1 – Top manches “chauve-souris” blanc
Top à manches « chauve-souris », modèle 109A du BURDA Tendance-Mode n°114 (Juin 2009), en batiste de coton blanche (France Duval Stalla), biais Liberty Fairford bleu (Bouillon de Couture) et passepoil argenté (Cousette)
J’ai ressorti quelques revues BURDA. J’en avais acheté plein en 2009-2010, mais je n’avais jamais rien cousu. En réalité, je bloquais toujours devant « je ne sais quoi » chez BURDA ! Alors que … pourtant… j’en ai corné des pages intéressantes ! Mais non, rien ne sortait, les pages restaient cornées, rien de plus, et les revues se sont entassées au point de les oublier. J’ai même failli les jeter avant de déménager.

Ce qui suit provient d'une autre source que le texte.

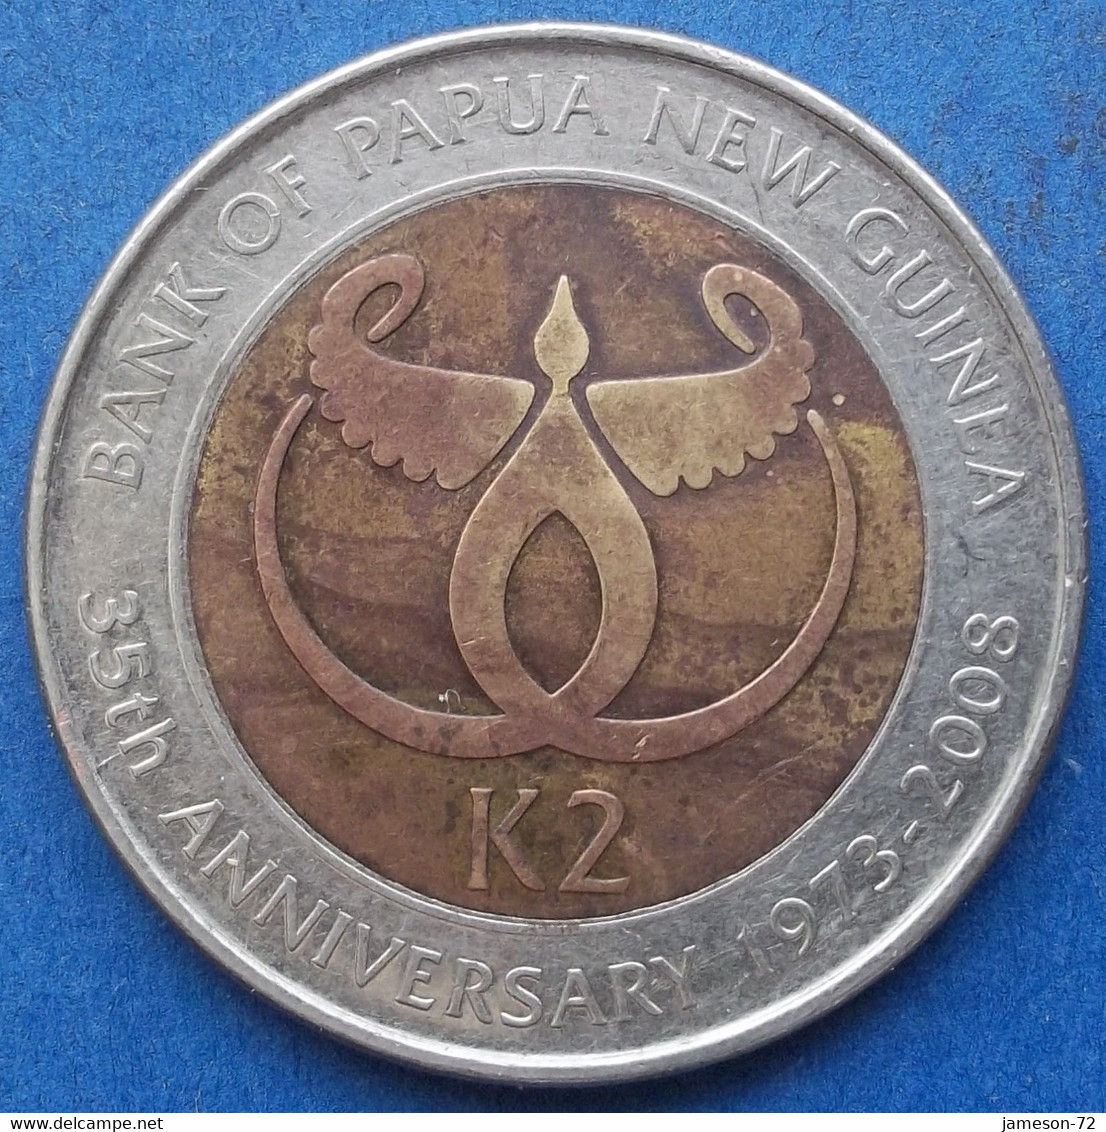 PAPUA NEW GUINEA - 2 Kina 2008 KM# 51 Independent (1975) - Edelweiss Coins - Papua New Guinea
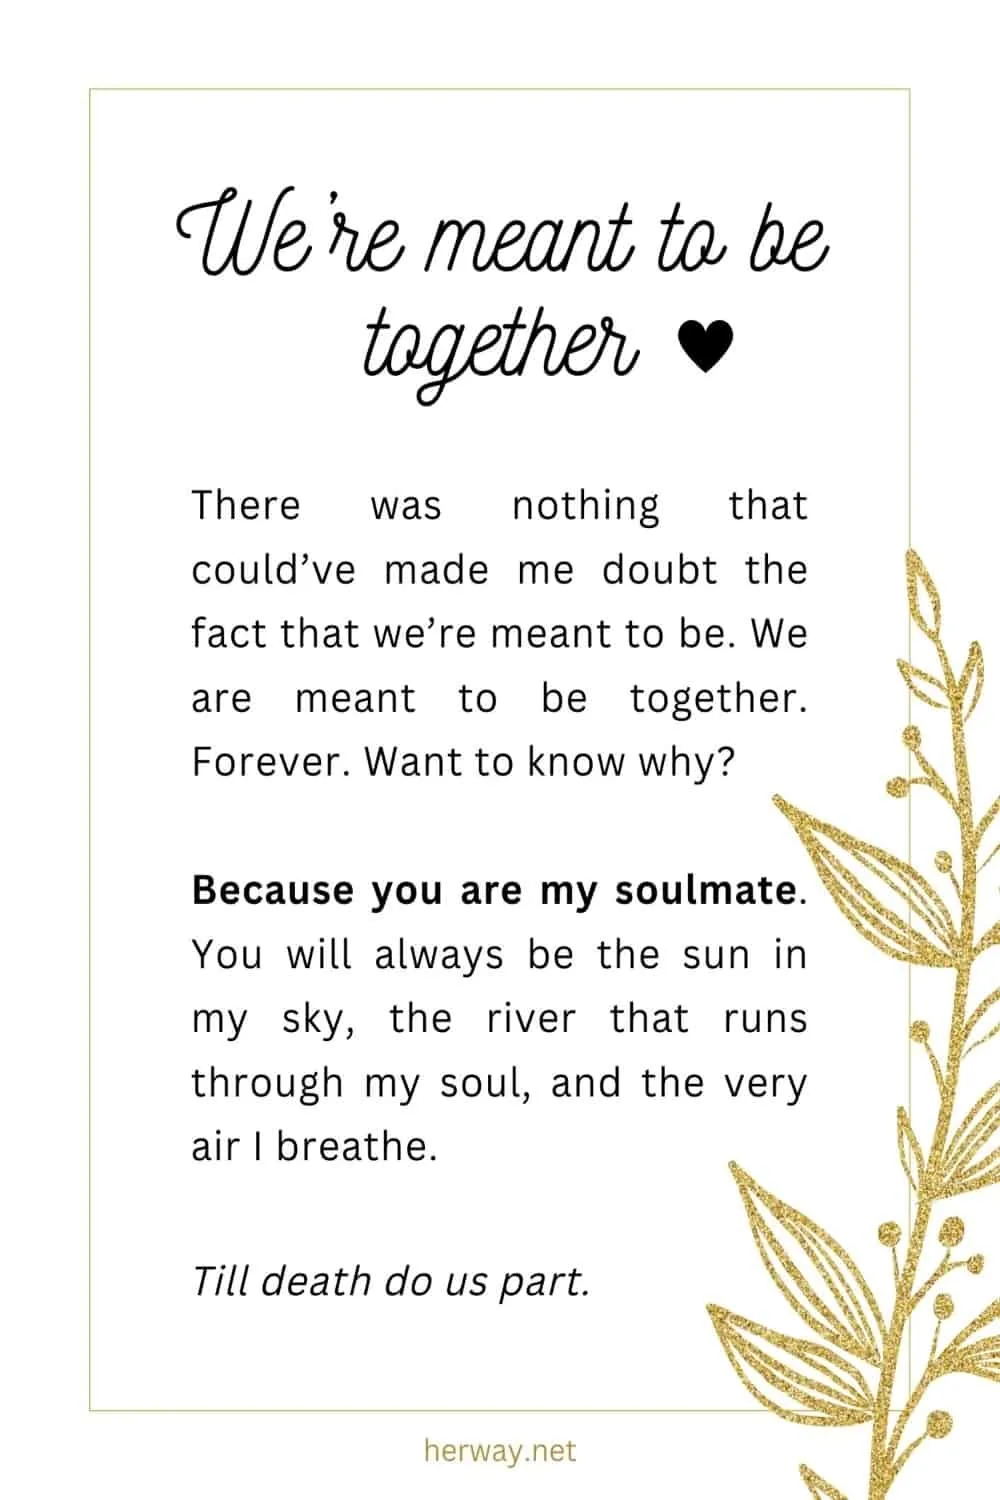 A letter for him which describes how We’re meant to be together

Et puis là, 2012, envie d’autre chose, envie de sortir un peu du patron japonais, envie d’une couture au rendu plus classique et plus seyant.
« Seyant » n’est d’ailleurs pas forcément le mot le plus approprié pour ce chemisier à manches « chauve-souris ». Mais en tout cas, la page de ce modèle-là, sur le BURDA 114 de juin 2009, elle était doublement cornée. Simple à faire en plus. J’ai juste squeezé l’étape de la finition du col en V, qui n’est plus vraiment en V, mais en U avec son passepoil.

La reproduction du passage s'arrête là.